Ridder jest znany jako specjalista od cięcia strumieniem wody: Strumienie wody zapewniają niemal niewyobrażalne ciśnienie (3800 barów) do oddzielania metali i tworzyw sztucznych. Zalety procesu "cold" polegają na tym, że podczas cięcia nie powstają żadne szkodliwe emisje, a powierzchnia cięcia uzyskuje doskonałe wykończenie nawet bez przeróbek. Nie występują również zniekształcenia podczas cięcia.
Firma Ridder pierwotnie opracowała systemy ze stołem tnącym do obróbki 2D. Później dodano systemy robotów liniowych 3D z serii Waricut, które poruszały się na osiach pionowych. Jest to jednak największa maszyna, jaką Ridder uruchomił do tej pory:
Grupa Anssems z siedzibą w Holandii zamówiła pięcioosiową maszynę do cięcia strumieniem wody o objętości cięcia 32 050 x 5 050 x 1 900 mm (oś X/Y/Z) do produkcji przyczep do przewozu koni. Dwa mosty, każdy z głowicą tnącą 3D, poruszają się na 32-metrowych liniowych osiach robota. Maszyna jest podzielona na cztery kabiny, dzięki czemu każda z dwóch głowic tnących może przetwarzać jeden element, podczas gdy pozostałe dwie kabiny są zmieniane.
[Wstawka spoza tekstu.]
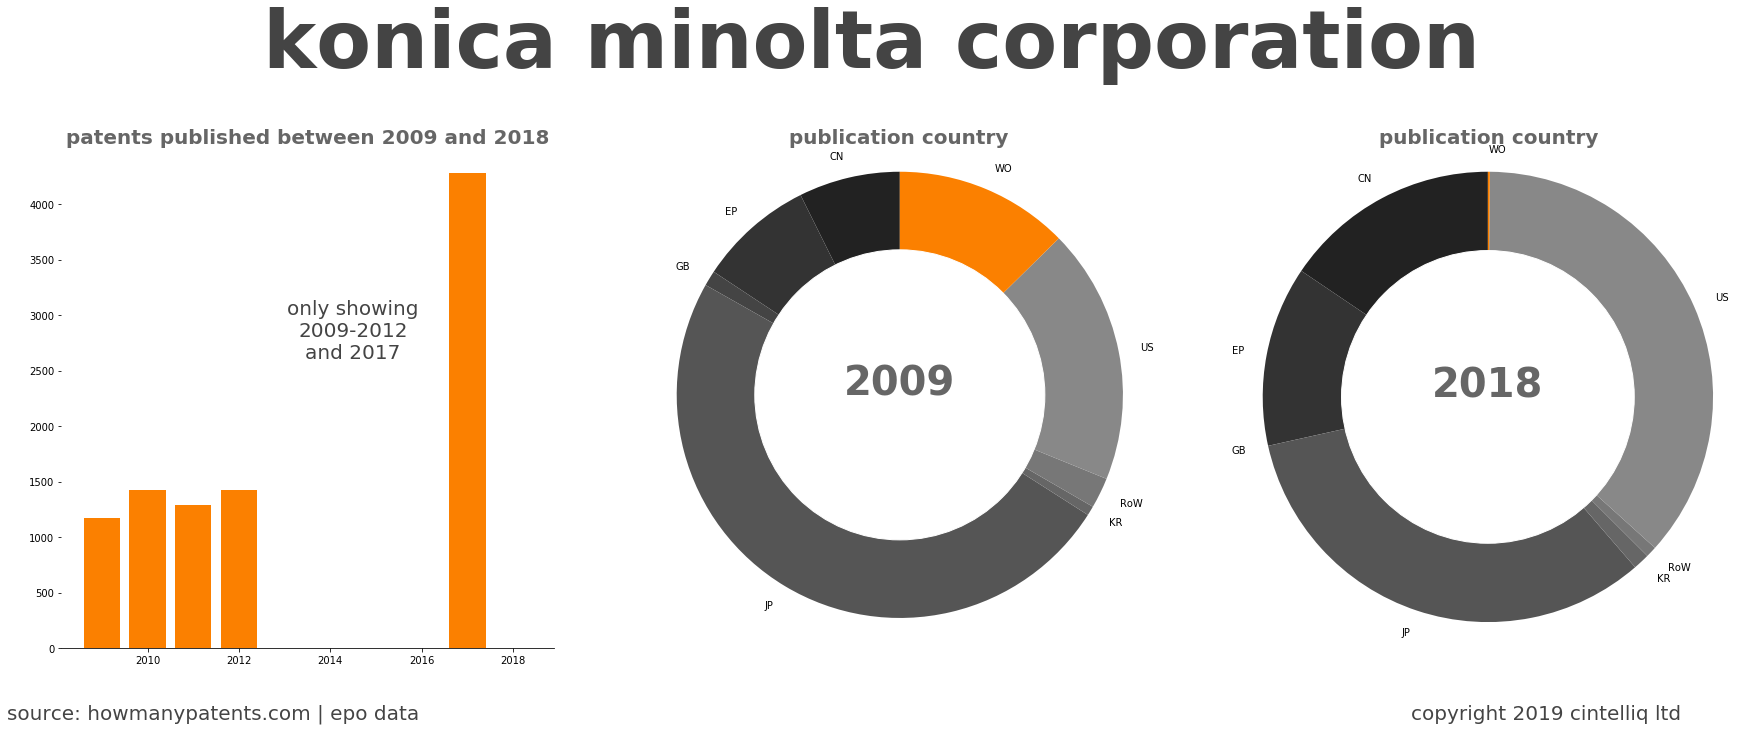 summary of patents for Konica Minolta Corporation

Zapewnia to ciągłe wykorzystanie systemu. Każda głowica tnąca może przemieszczać się do wszystkich czterech kabin, zapewniając wysoką elastyczność i dostępność.
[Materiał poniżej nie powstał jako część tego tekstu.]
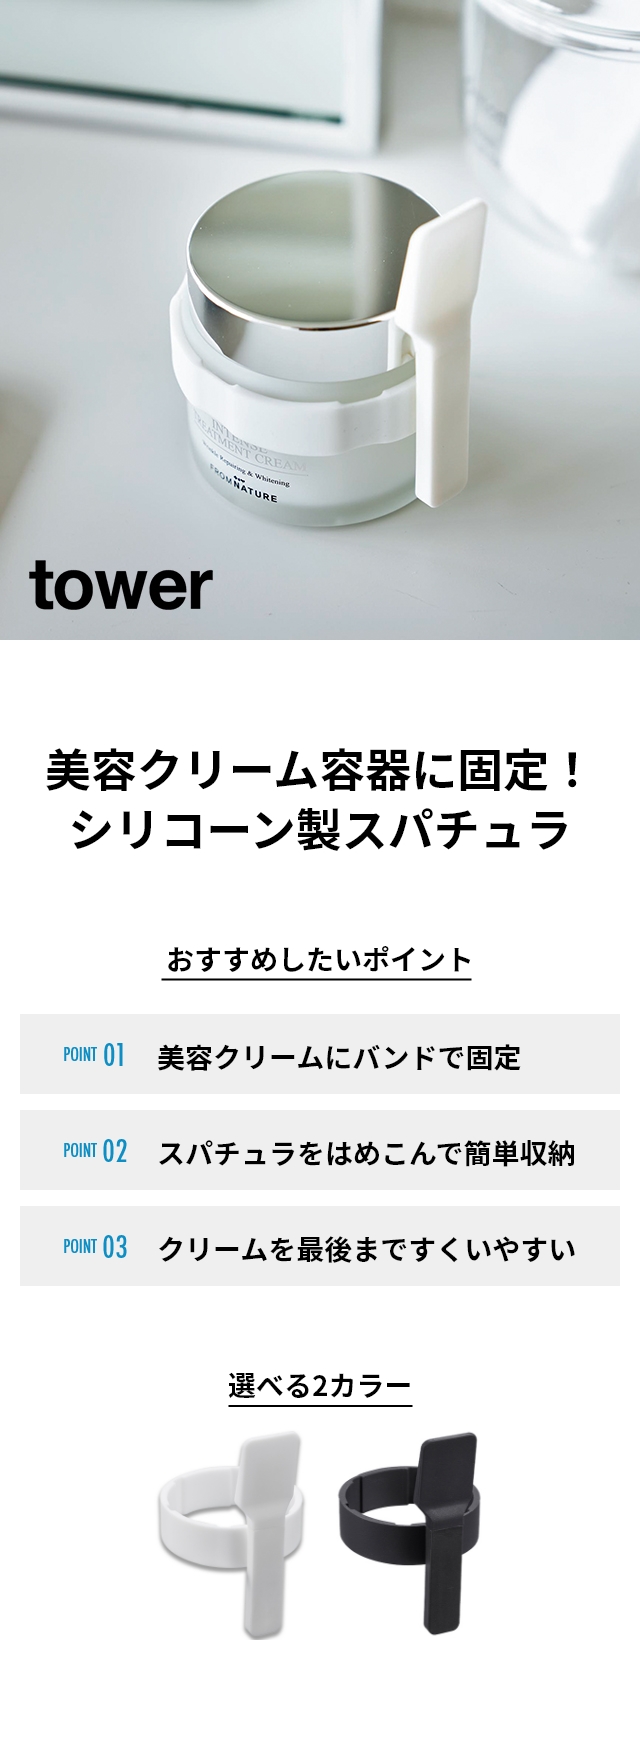 tower(タワー) 収納バンド付き美容クリームスパチュラ

Zadaniem maszyny do cięcia strumieniem wody w produkcji będzie obróbka nadbudówek z tworzywa sztucznego wzmocnionego włóknem szklanym, które zostały zalaminowane i uformowane w poprzednich etapach pracy oraz wykonanie wycięć w drzwiach przyczepy do przewozu koni, na przykład.osiąga bardzo wysoką precyzję. Podczas gdy systemy zwykle pracują z dokładnością ≤ ± 20 µm na metr, długie skoki oznaczają, że ten system ma dokładność 50 µm. Inżynierowie Ridder musieli rozwiązać problem zasilania głowic tnących energią, sygnałami, sprężonym powietrzem i (oczywiście) wodą. Trzeba było również wziąć pod uwagę wysokie maksymalne prędkości przesuwu osi liniowej (20 m/min). Największym problemem były jednak duże długości przesuwu. Biorąc pod uwagę te długości, górny bieg łańcucha jest szczególnie podatny na spoczywanie na dolnym biegu (zasada ślizgającego się łańcucha energii). System ten nie mógłby więc szybować z dwóch powodów: Ciężkie wypełnienie i długi dystans podróży generowałyby zbyt duże tarcie. Ponadto wysokociśnieniowy przewód doprowadzający wodę wymaga większego promienia gięcia, więc zasada łańcucha "na łańcuchu" nie wchodziła w grę.